MLB Model Notes

The MLB model has evolved a lot over the years.  After a stellar 2014, the high inherent variability of the sport sent us on a bit of a trip.  I started chasing CLV too much in 2015, and let it negatively shape my model.  Then I started denouncing CLV, and that didn't help either; I was in a little too deep to revert to the 2014 model at that time.


Beginning with the 2018 season, the model now resembles what it was in 2014; but with the addition of things like exit velocity data, which has been a revelation.
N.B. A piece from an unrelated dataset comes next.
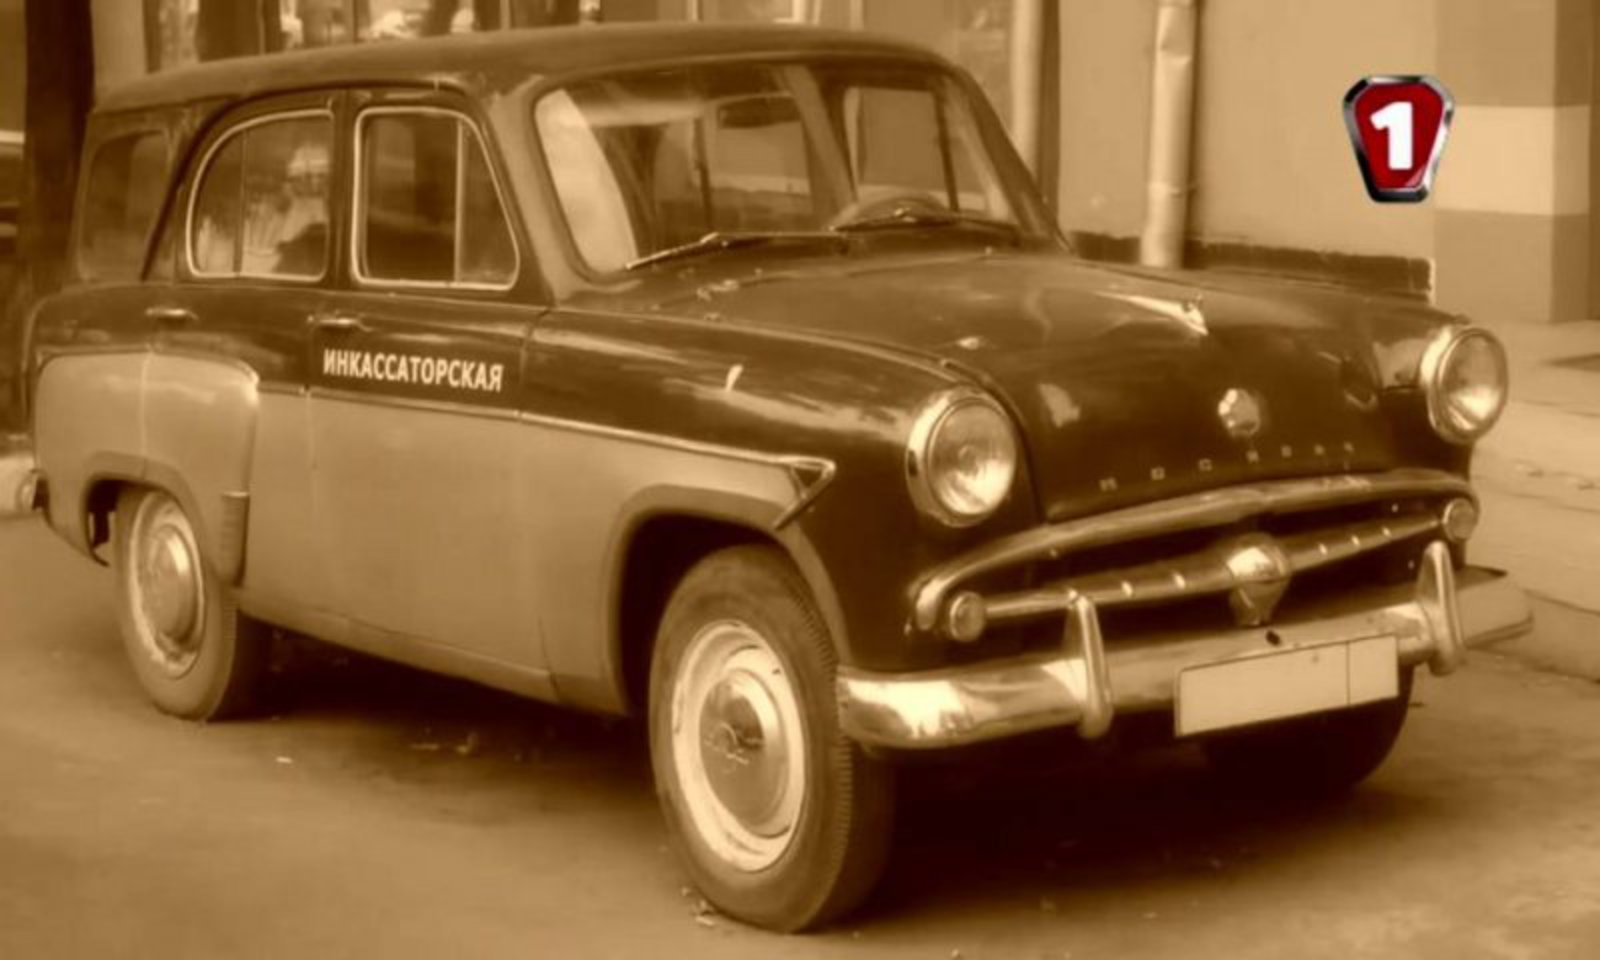 Moskvitch 412 combi Photo Gallery: Photo #05 out of 10, Image Size ...

The NHL and MLB will duke it out for best profitability in the long-run; consistency driving the NHL, while volume drives MLB.  NHL will be preferred by novice bankroll managers, while MLB will favor experienced bankroll managers.


Update 9/13/19:

We are in the throes of a million-to-one streak of negative variance that has been nothing short of incredible.  I don't hold it against the model; that's just baseball being baseball, especially with the new super-juiced "variance balls" they are using this year.
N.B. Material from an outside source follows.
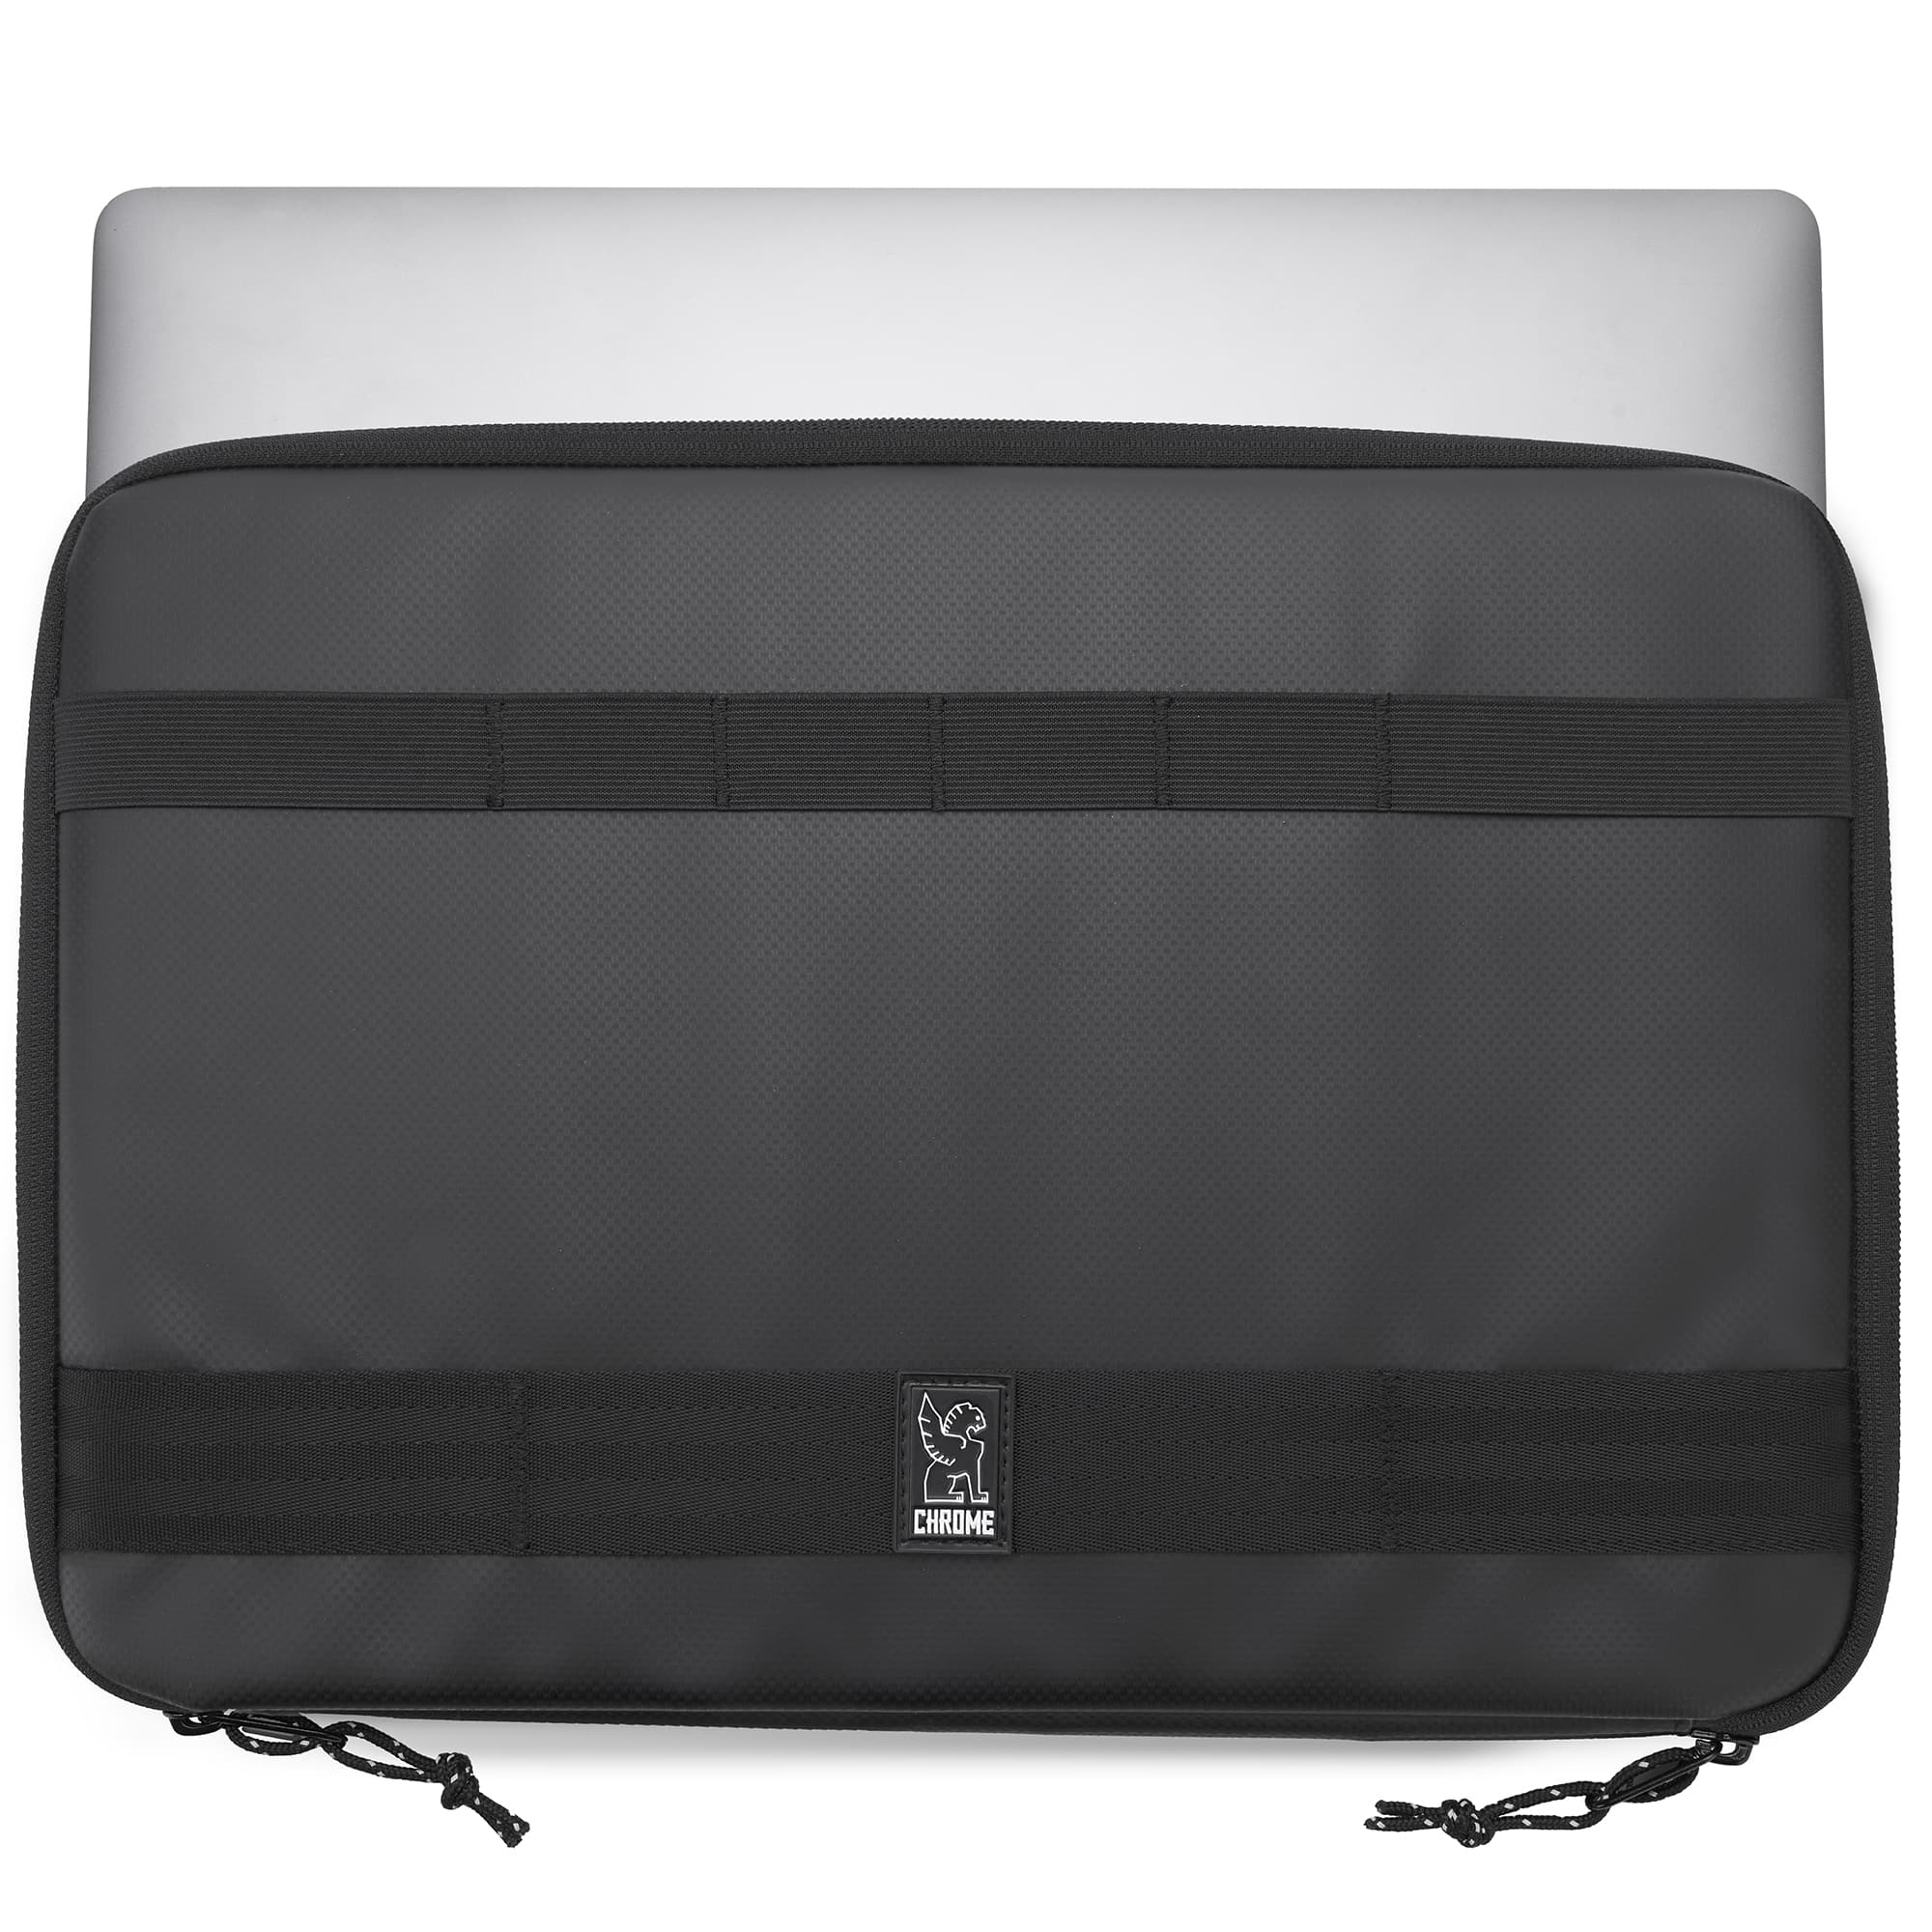 Padded laptop sleeve for computers up to 15" example computer fit

I made the following minor adjustments, though, because it is hard to endure a run like this lying down:


  • Increased the importance of exit velocity for hitters and pitchers.

  • Increased the weighting factor of the current season exit velocity vs. prior season.

  • Increased the weighting factor of realized results vs. projections because exit velocity numbers are less noisy, and now they are more pronounced in my numbers (see adjustment #1).

  • Decreased recent form adjustments for pitchers and increased recent form adjustments for hitters.


Update 9/22/19:

I addressed a platooning issue that inadvertently made declining hitters better, and improving hitters worse due to platoon figures mistakenly anchored to long-term realized results, diluting the core metrics we use to measure hitters.